EXERCISE AIM: Would you please transcribe, exactly as written, the lines of the entries below starting at the one that holds "CultureFly’s Star Wars" and ending at the one that holds "Coloriage prénom Emy Pixel", both included?

-- Opening Marker --

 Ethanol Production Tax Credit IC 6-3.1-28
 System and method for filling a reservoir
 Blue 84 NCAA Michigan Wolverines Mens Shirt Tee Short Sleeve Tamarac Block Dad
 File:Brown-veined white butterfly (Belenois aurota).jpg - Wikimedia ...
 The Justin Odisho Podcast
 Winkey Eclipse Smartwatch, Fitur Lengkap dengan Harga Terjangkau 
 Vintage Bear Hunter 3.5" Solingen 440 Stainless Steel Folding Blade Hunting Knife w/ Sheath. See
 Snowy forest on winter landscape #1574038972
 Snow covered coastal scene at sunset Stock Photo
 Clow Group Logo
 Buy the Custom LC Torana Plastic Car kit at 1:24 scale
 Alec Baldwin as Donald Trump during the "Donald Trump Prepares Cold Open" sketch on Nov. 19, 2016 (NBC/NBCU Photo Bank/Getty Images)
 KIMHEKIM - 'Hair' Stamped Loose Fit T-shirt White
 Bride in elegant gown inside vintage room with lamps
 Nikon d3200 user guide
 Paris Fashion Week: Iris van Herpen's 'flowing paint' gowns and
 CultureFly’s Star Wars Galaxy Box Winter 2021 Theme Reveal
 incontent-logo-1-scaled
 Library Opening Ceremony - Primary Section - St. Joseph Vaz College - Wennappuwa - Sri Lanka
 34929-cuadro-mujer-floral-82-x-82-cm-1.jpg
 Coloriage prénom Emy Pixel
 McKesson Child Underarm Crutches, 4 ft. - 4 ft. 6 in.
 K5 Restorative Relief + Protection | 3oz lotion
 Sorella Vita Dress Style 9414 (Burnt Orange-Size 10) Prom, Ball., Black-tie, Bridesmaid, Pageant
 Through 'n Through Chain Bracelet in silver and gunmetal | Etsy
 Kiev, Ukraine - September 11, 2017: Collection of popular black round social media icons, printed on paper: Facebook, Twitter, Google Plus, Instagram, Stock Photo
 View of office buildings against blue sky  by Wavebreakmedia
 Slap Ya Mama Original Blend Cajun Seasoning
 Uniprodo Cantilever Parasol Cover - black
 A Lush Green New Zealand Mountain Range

-- Closing Marker --

WRITTEN SOLUTION:
 CultureFly’s Star Wars Galaxy Box Winter 2021 Theme Reveal
 incontent-logo-1-scaled
 Library Opening Ceremony - Primary Section - St. Joseph Vaz College - Wennappuwa - Sri Lanka
 34929-cuadro-mujer-floral-82-x-82-cm-1.jpg
 Coloriage prénom Emy Pixel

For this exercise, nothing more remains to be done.